Он долго, молча бил, стучал лбом об пол, как деревянной колотушкой. Потом, не поднимая головы, лежа на полу, жалобно — глухо заговорил:
— Об одном тебя прошу: смилостивись, утихомирь гнев свой праведный, пожалей останного мово сына… кровинку мою последнюю сохрани! Не за ради его молю, господи, сам знаешь, за ради ребятишек малых, твоих ангелов. Девять душ на моей шее сидит, опрнчь матерей, солдаток… Спаси Ивана, отцом он им будет, ребятам, хошь которым и не родным, так пропитателем… Владыка всевышний, предобрый,
Петух и Шурка на цыпочках, не дыша, отошли прочь, на крыльцо, и недолго там постояли.
— Почему в школу не пришел? — спросил Шурка, пугливо прислушиваясь к плачу в кухне и безмолвию в чулане. — Знаешь, а бабуша к нам гостить прикатила!
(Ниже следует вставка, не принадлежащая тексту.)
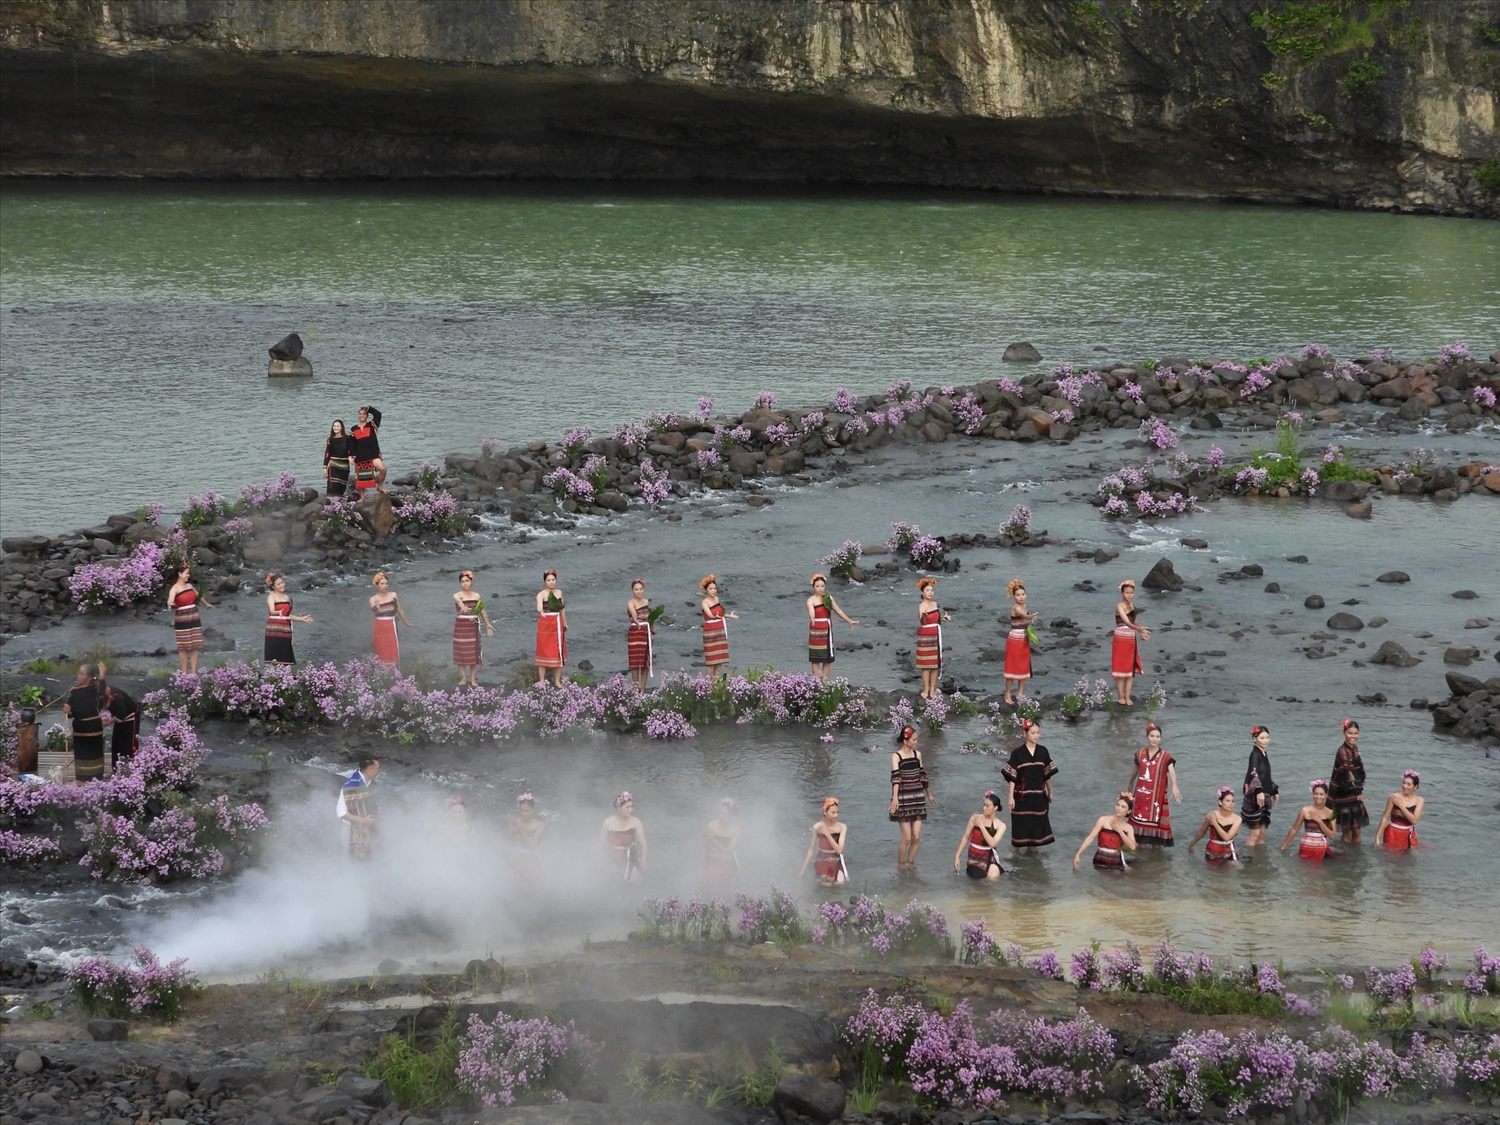 Chương trình thời trang nghệ thuật thổ cẩm các dân tộc Đắk Lắk diễn ra tại thác Dray Nur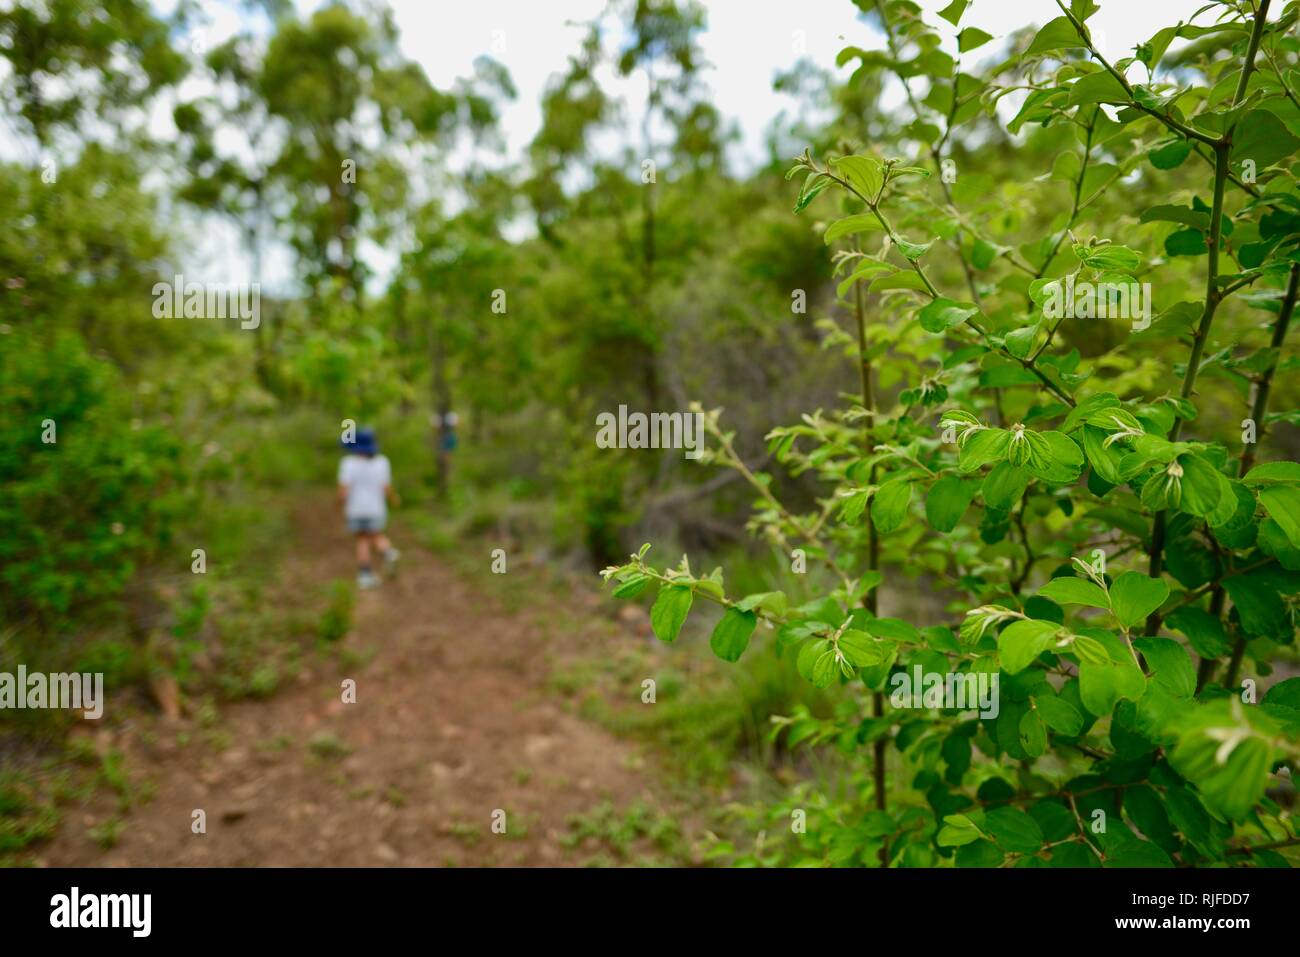 Ziziphus mauritiana data cinese ber Chinee apple indiano jujube prugna Regi pandu jujube indiano schiacciate masau, Moongun sentiero a piedi a molle di Elliot Foto Stock

Можно бежать… — и запнулся.
Только тут он заметил, что Яшка был озабоченно — грустный, не похожий на себя.
— Какая там школа, бабуша! — сказал уныло Петух. — У мамки кровь горлом хлещет… На станцию, к фельдшеру, седня повезу. Со Степаном… Платон Кузьмич жеребца дает.
Говорить было не о чем. Шурка побрел обратно.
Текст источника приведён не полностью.